TASK REQUIREMENTS: No images, please. Copy each entry below exactly as it reads.

::: GIVEN RECORDS :::

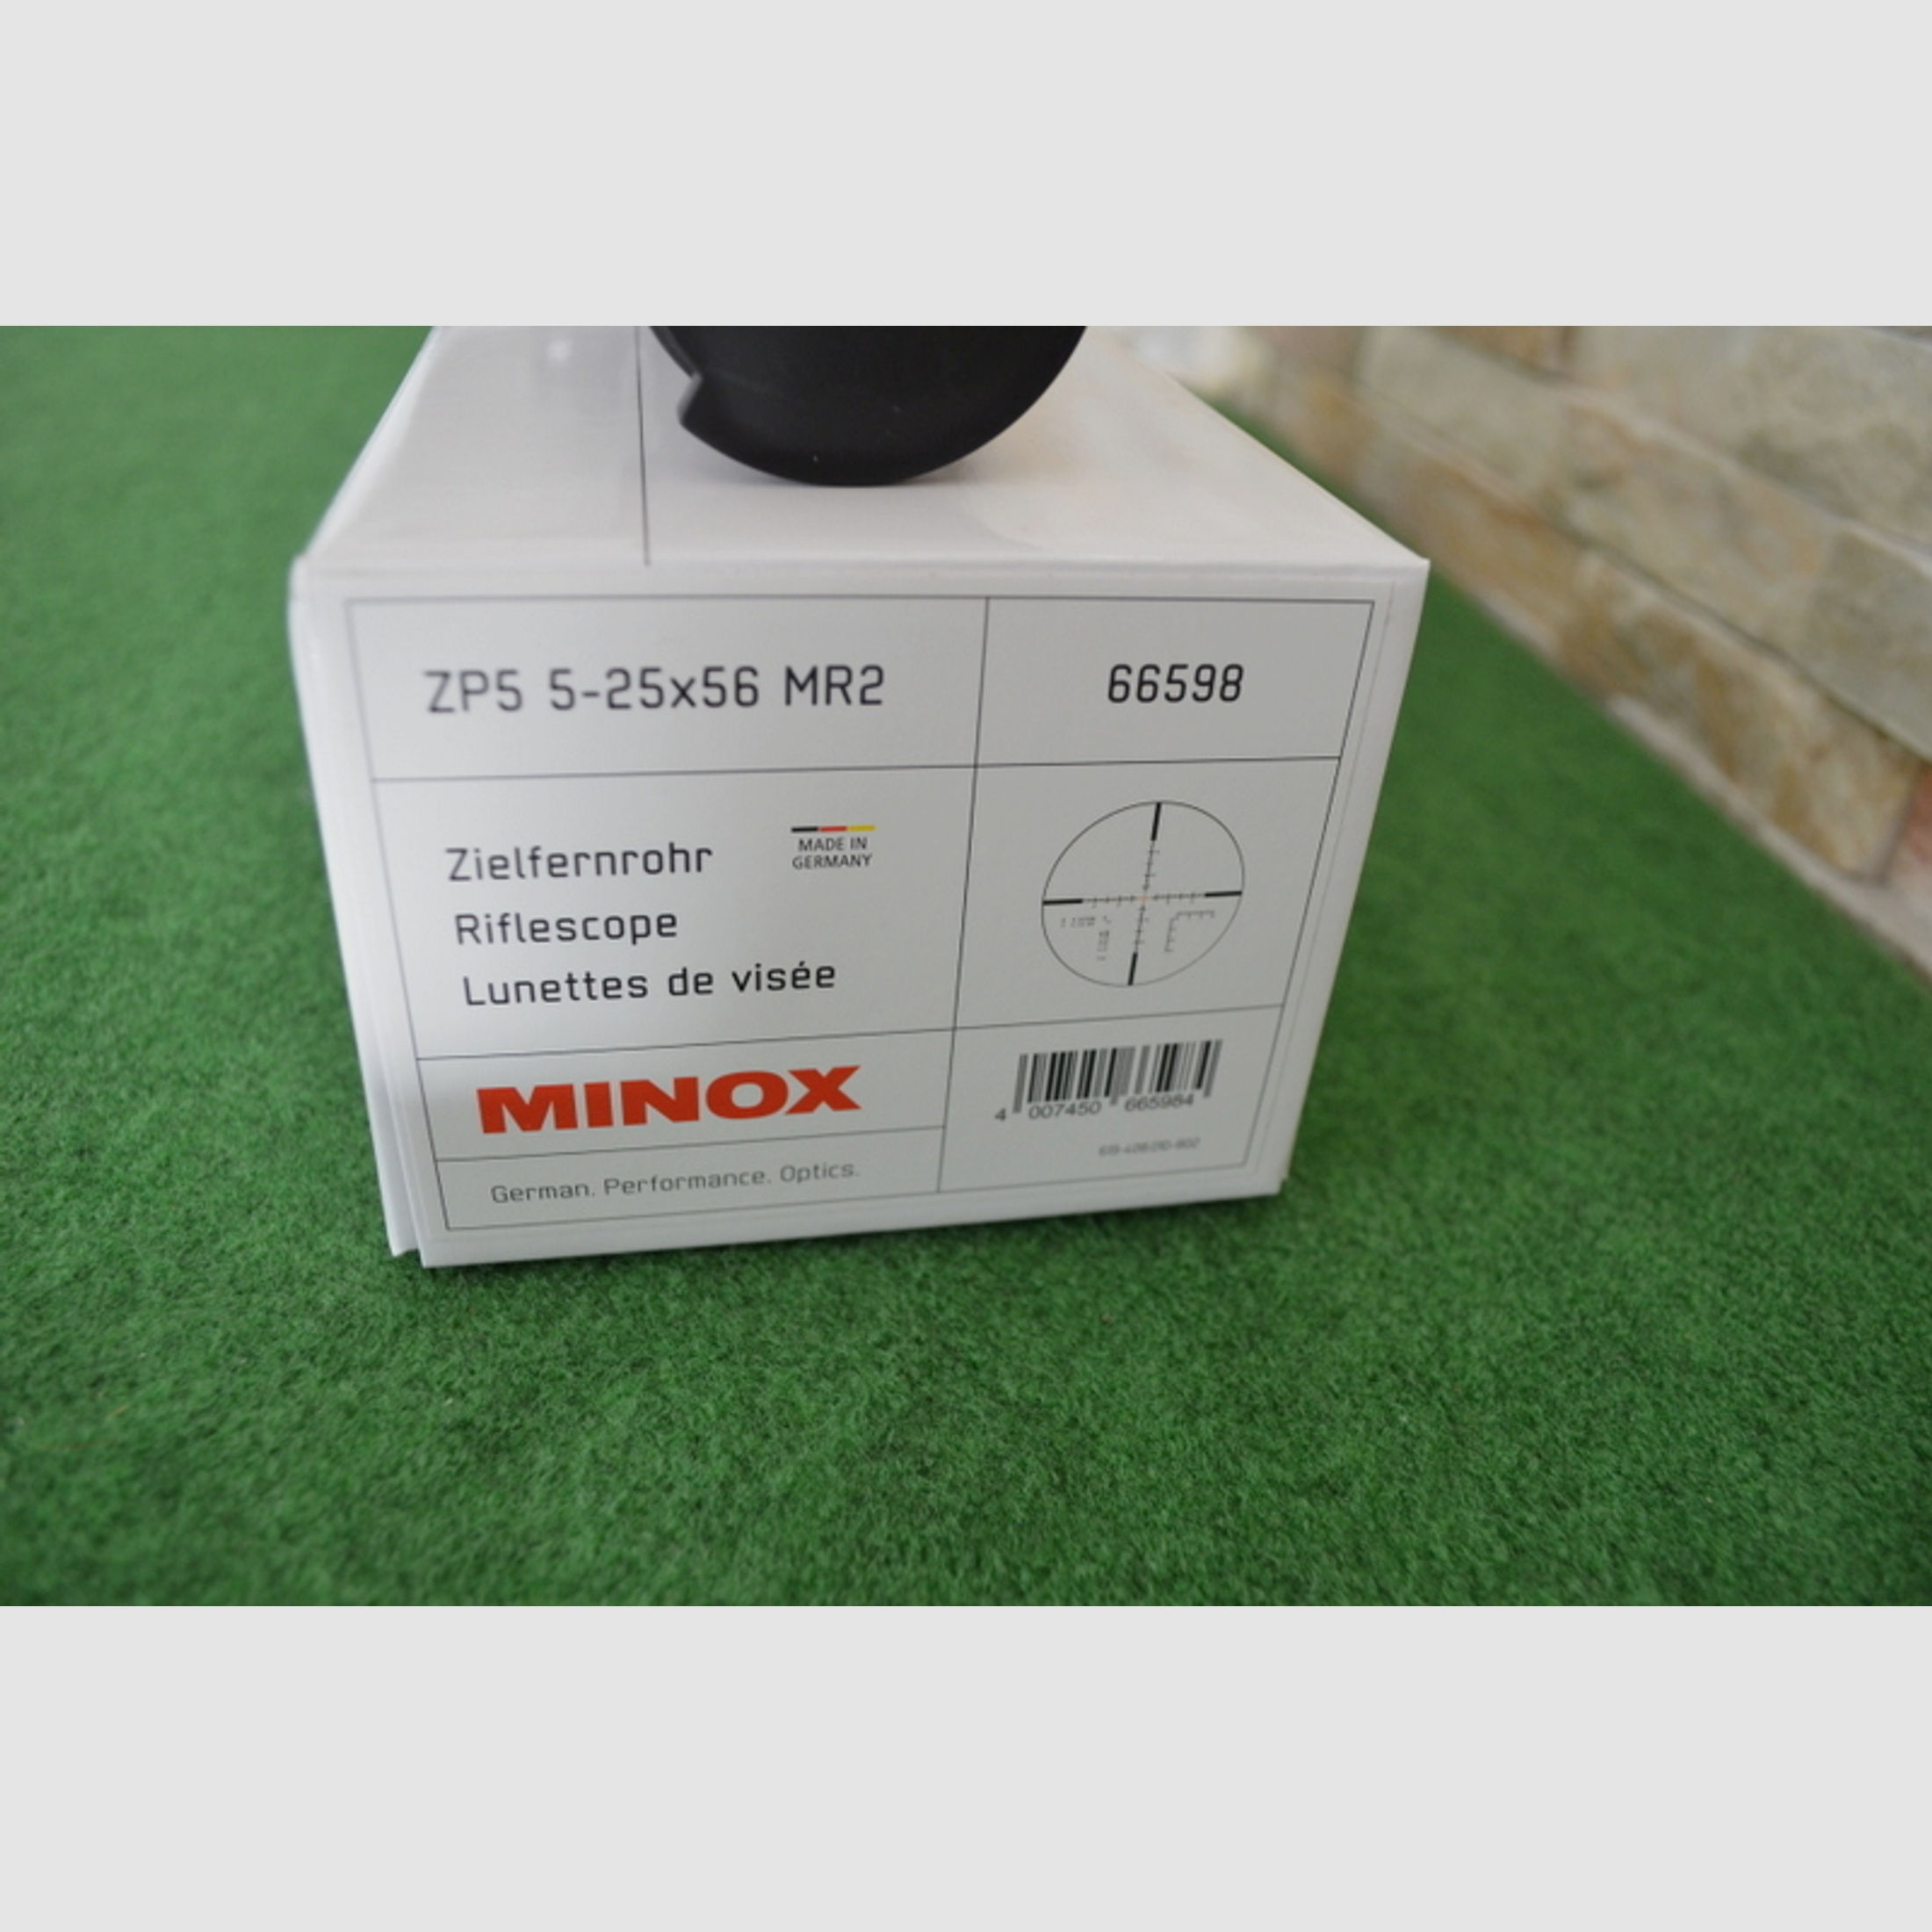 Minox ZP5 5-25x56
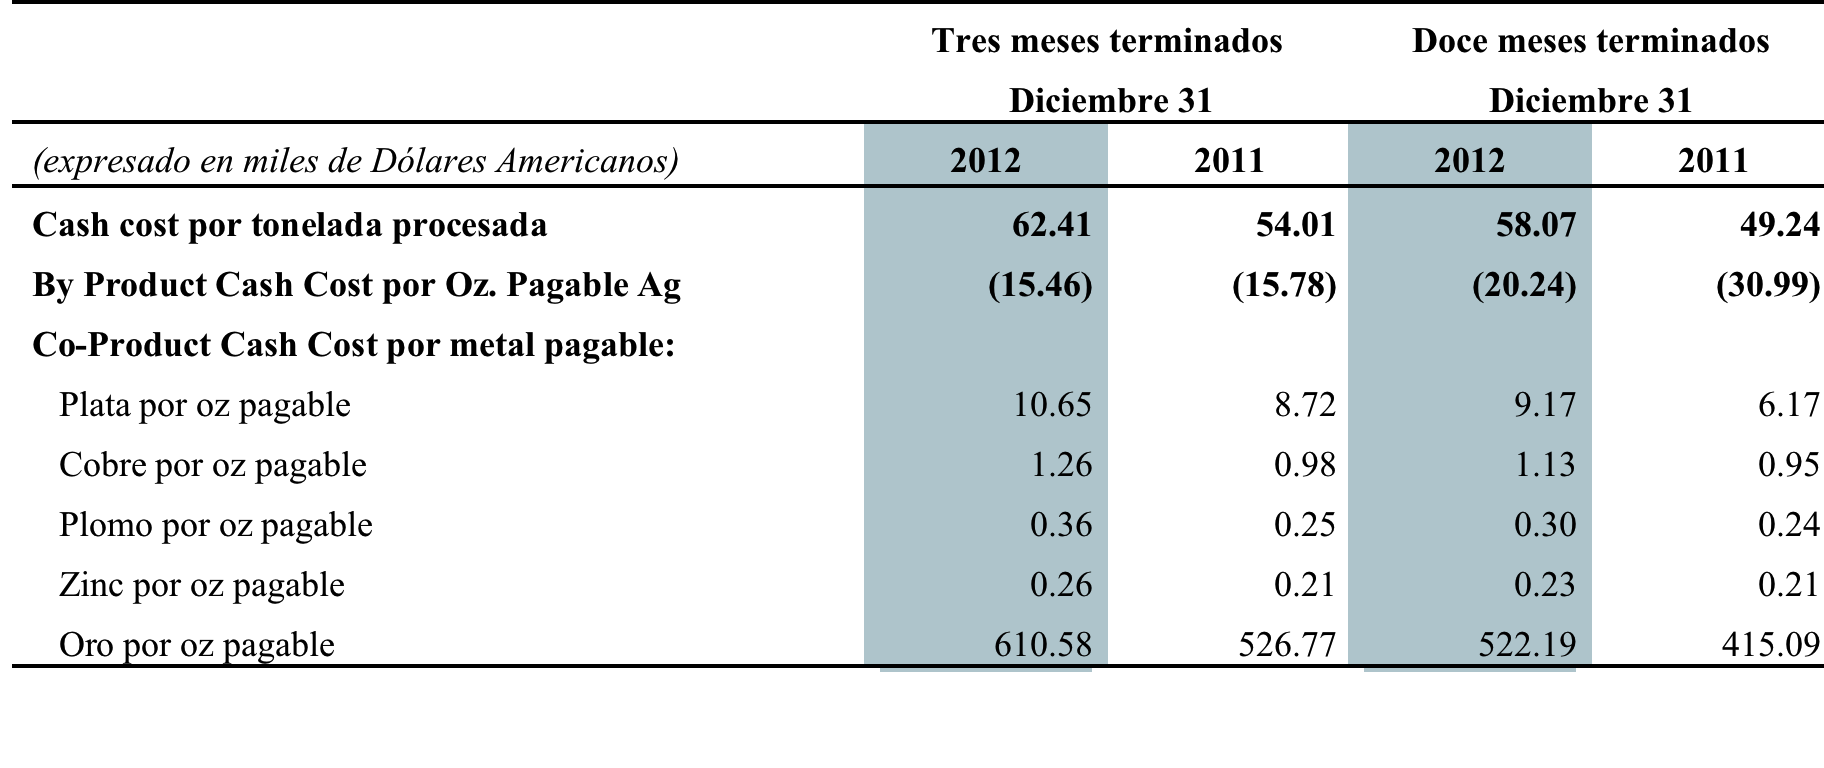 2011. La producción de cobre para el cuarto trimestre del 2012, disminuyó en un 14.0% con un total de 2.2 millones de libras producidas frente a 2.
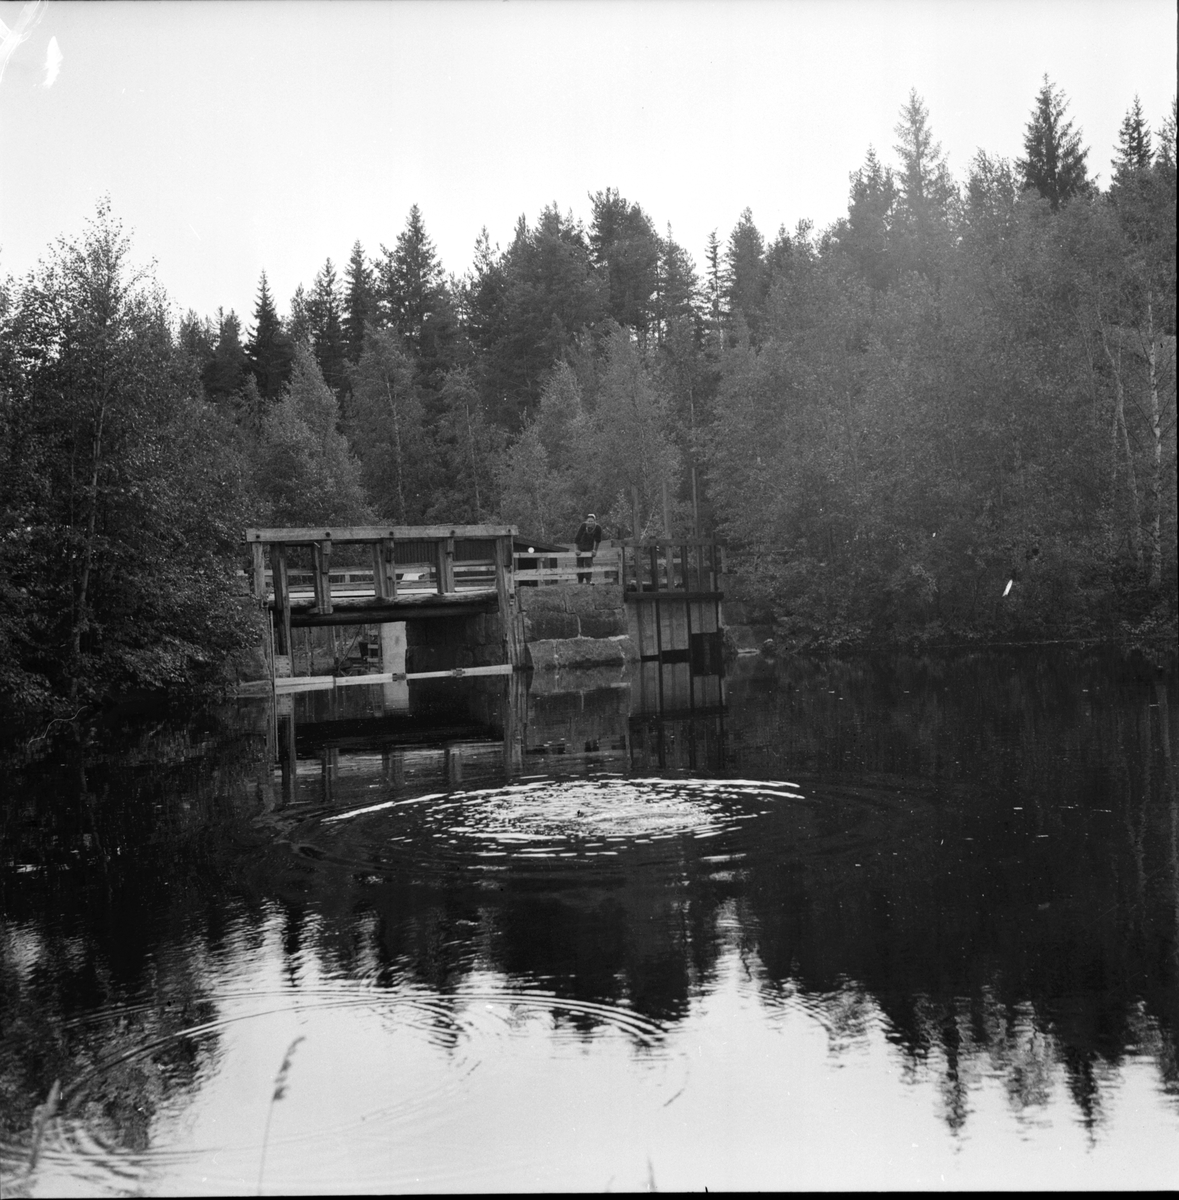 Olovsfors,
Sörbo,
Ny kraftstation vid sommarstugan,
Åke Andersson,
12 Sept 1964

:::

WRITTEN REPLY:
 Minox ZP5 5-25x56
 2011. La producción de cobre para el cuarto trimestre del 2012, disminuyó en un 14.0% con un total de 2.2 millones de libras producidas frente a 2.
 Olovsfors,
Sörbo,
Ny kraftstation vid sommarstugan,
Åke Andersson,
12 Sept 1964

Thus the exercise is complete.